The lawyer argued that despite the court ruling in his favour, the EFCC, in defiance of the order, went ahead, to arraign him for money laundering three days after the ruling.

The EFCC’s applications for setting aside and staying execution of the ruling were refused for want of merit.

The applicant had applied to the court to issue Form 49, titled ‘Notice to Show Cause Why Order of Committal Should not be Made.’

The court ordered that the EFCC and Mr Bawa be served the motion of notice together with Form 49 by substituted means.

Form 49, issued on 15 December 2022, and addressed to Mr Bawa directed him to appear in court on 18 January 2023.

The order issued by the court on Monday made the second time Mr Bawa would be ordered to be imprisoned by a court for contempt in less than four months.

The High Court of the Federal Capital Territory (FCT) in Abuja found Mr Bawa guilty of contempt on 28 October 2022.

The judge, Chizoba Oji, convicted Mr Bawa and ordered the Inspector of General of Police to put him in Kuje prison in Abuja for disobeying an earlier order of the court.

Ms Oji convicted and jailed Mr Bawa on 28 October in a ruling on an application by a former Director of Operations at the Nigerian Air Force (NAF), Rufus Ojuawo.

Mr Ojuawo, a retired air vice marshal (AVM), was previously prosecuted by the EFCC on corruption charges but was acquitted by another judge of the FCT High Court.

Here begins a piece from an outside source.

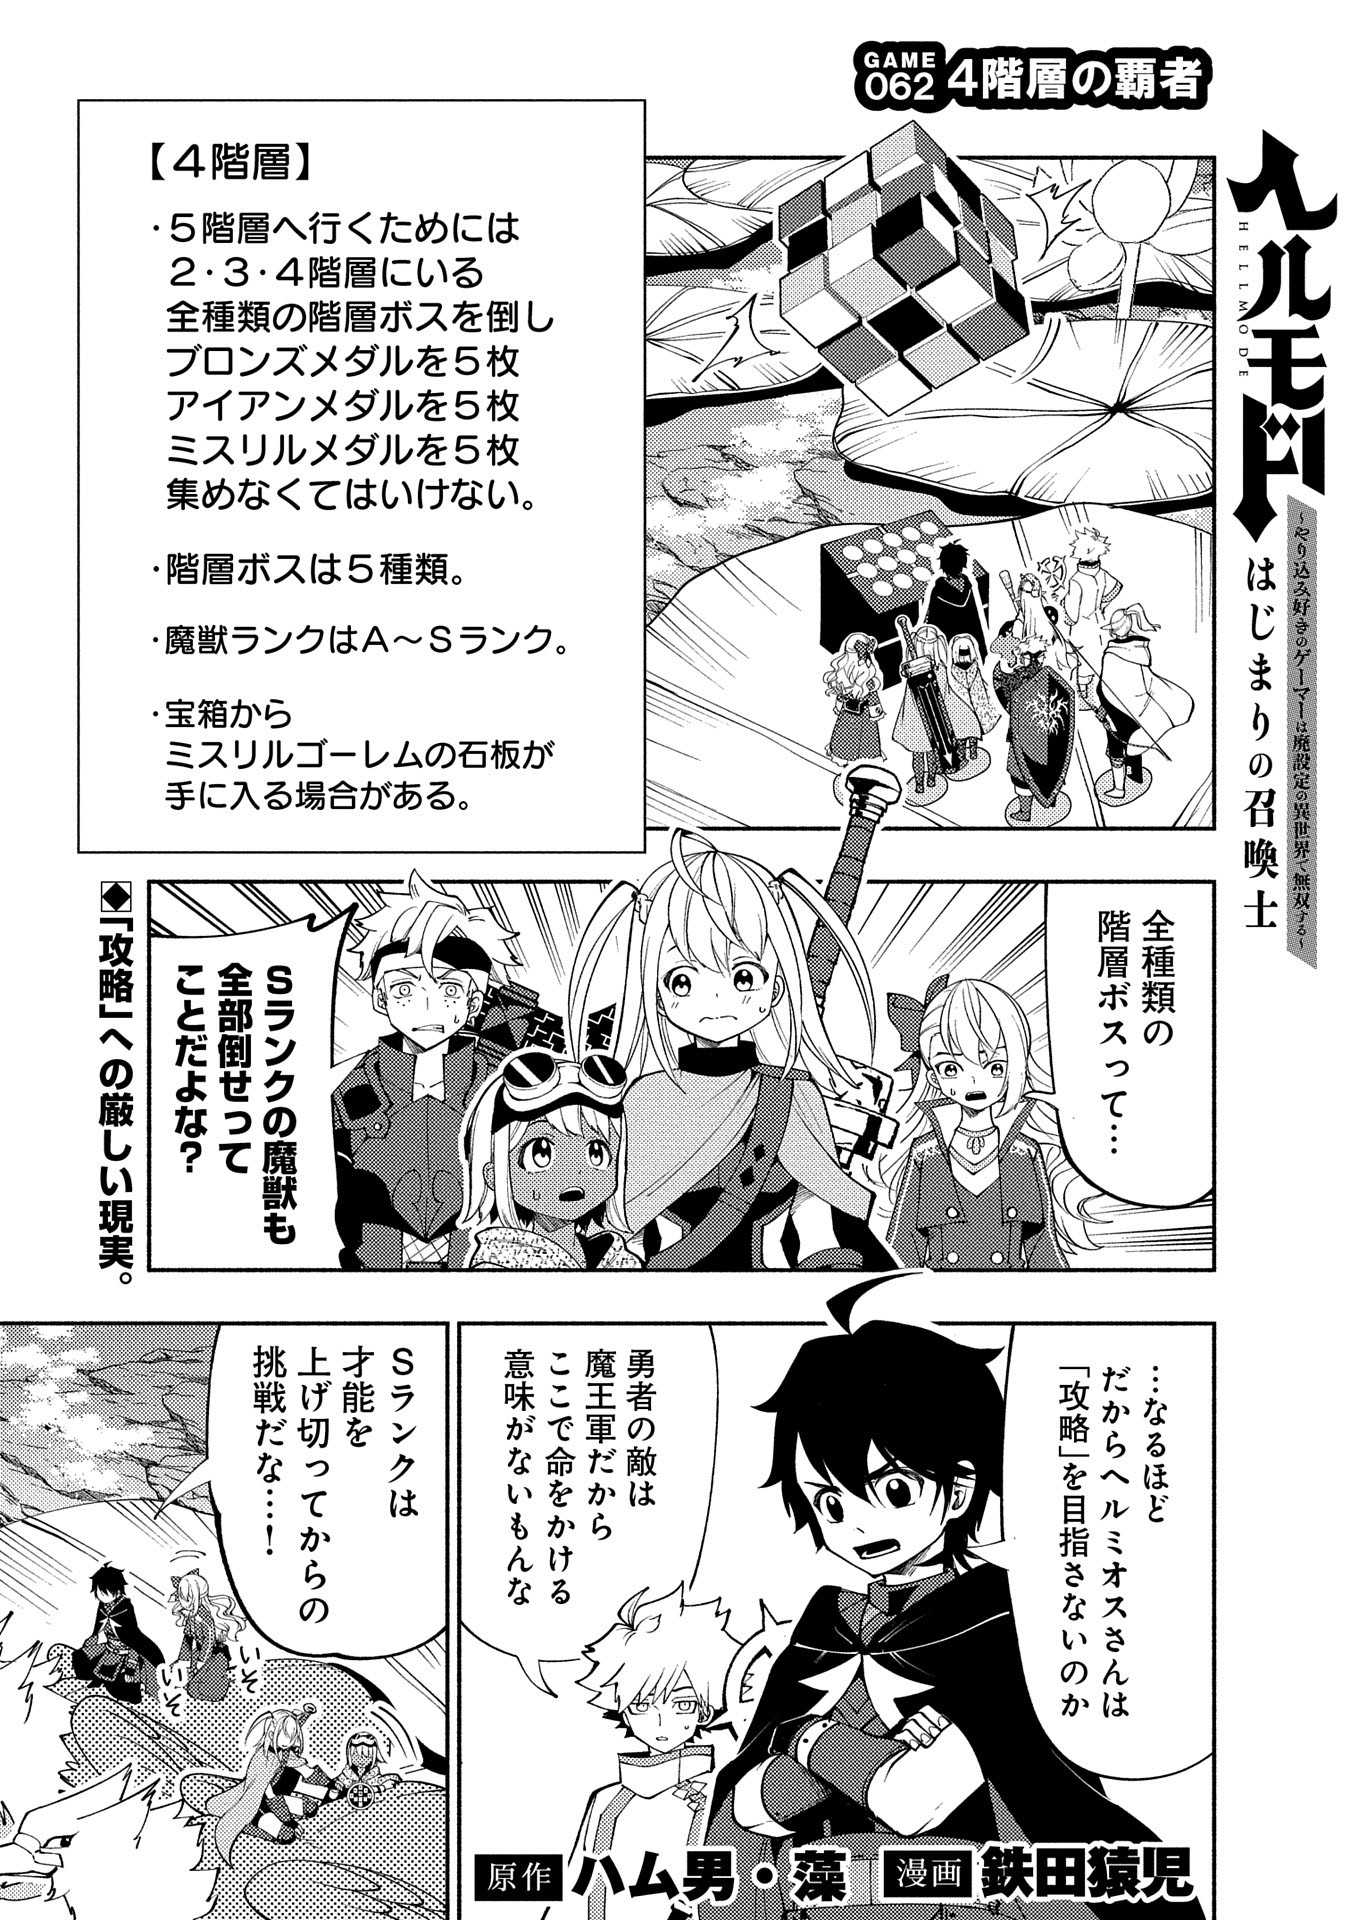 Hell Mode: Yarikomi Suki no Gamer wa Hai Settei no Isekai de Musou Suru - Chapter 62 - Page 1

In his application levelling a charge of contempt against EFCC and its chairperson, Mr Ojuawo accused the agency and its leadership of violating the court’s order issued on 21 November 2018 ordering them to return his seized Range Rover and N40 million to him.

The order has been subsisting since the time of Ibrahim Magu as the acting chairperson of the EFCC. The commission continued to disobey the court order after Mr Bawa became EFCC chairman in February 2021.

But the court on 10 November 22 nullified its committal order following an application by the EFCC chair to reverse itself.

Ruling on the request, Ms Oji said she was satisfied that the EFCC Chairman did not disregard the court’s orders, asking him to release seized assets belonging to Rufus Ojuawo, a retired air vice marshal.

The judge held that evidence before her showed Mr Bawa had complied with the court’s order, directing the EFCC to return a Range Rover Sport vehicle valued at N40 million, which it confiscated from Mr Ojuawo, a former Director of Operations at the Nigerian Air Force.